At the time, nuclear power dominated much of the energy imagination. Prof. Green says one nuclear advocate dismissed solar as likely to have “all the impact of a flea on an elephant’s back”.
But, he says, the political and scientific mood began to shift. A US program helped set the international tone. Japan launched its Sunshine Project. Europe followed with its own efforts. And Australia began its own solar program in 1978.
Prof. Green joined UNSW as an academic in 1974 and set up a solar research group soon after. By the early 1980s, his group was known internationally.
In 1983, he and his team invented Passivated Emitter and Rear Cell (PERC) technology. This led to them then producing the world’s first officially confirmed 18% efficient silicon solar cell, beating the previous record of 16.5%.
That result pushed UNSW to the front of a field that included major US companies, NASA-linked programs, Japanese laboratories and other universities – with Prof. Green’s research team holding the record for silicon solar cell efficiency for much of the past four decades.
And last year, solar generated more electricity worldwide than nuclear for the first time, with the gap rapidly increasing.
Faster than expected
The role of solar today has expanded to being a resource that combats climate change. But its appeal still sits with its 1970s roots – as a technology tied to energy security, economic resilience and independence from volatile fossil fuel markets.
In Australia, solar already supplies a substantial share of electricity. Prof. Green says the contribution from solar is now doubling every few years and could become the dominant source of electricity far sooner than many expect.
“We’ll be generating most of our electricity from solar by about 2032,” he says.
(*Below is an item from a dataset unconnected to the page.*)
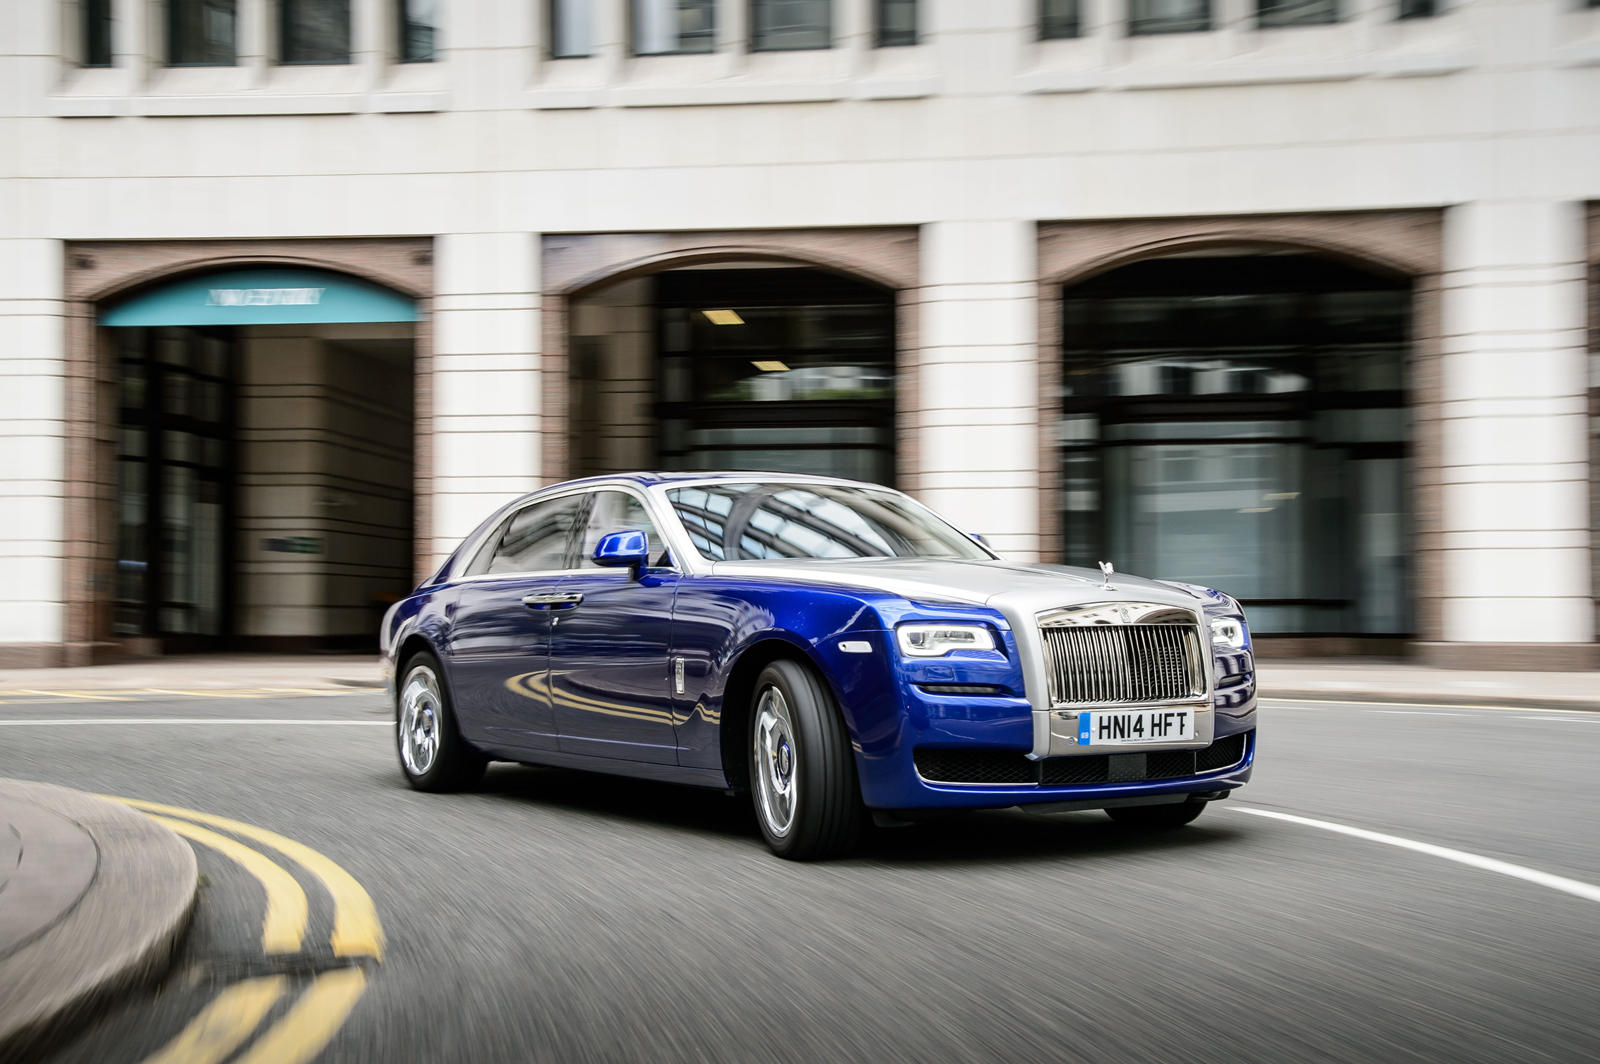 Rolls-Royce Ghost Review, Interior, For Sale, Specs & Models in

He says conservative energy forecasts have repeatedly underestimated renewable deployment. Even projections that now speak positively about renewables, he says, often still assume they will play a smaller role than growth trends suggest.
For someone who has spent more than five decades not just watching, but helping solar outperform expectations, he is reluctant to underestimate what comes next.
“Things have exceeded even my projections as an optimistic person in the field.”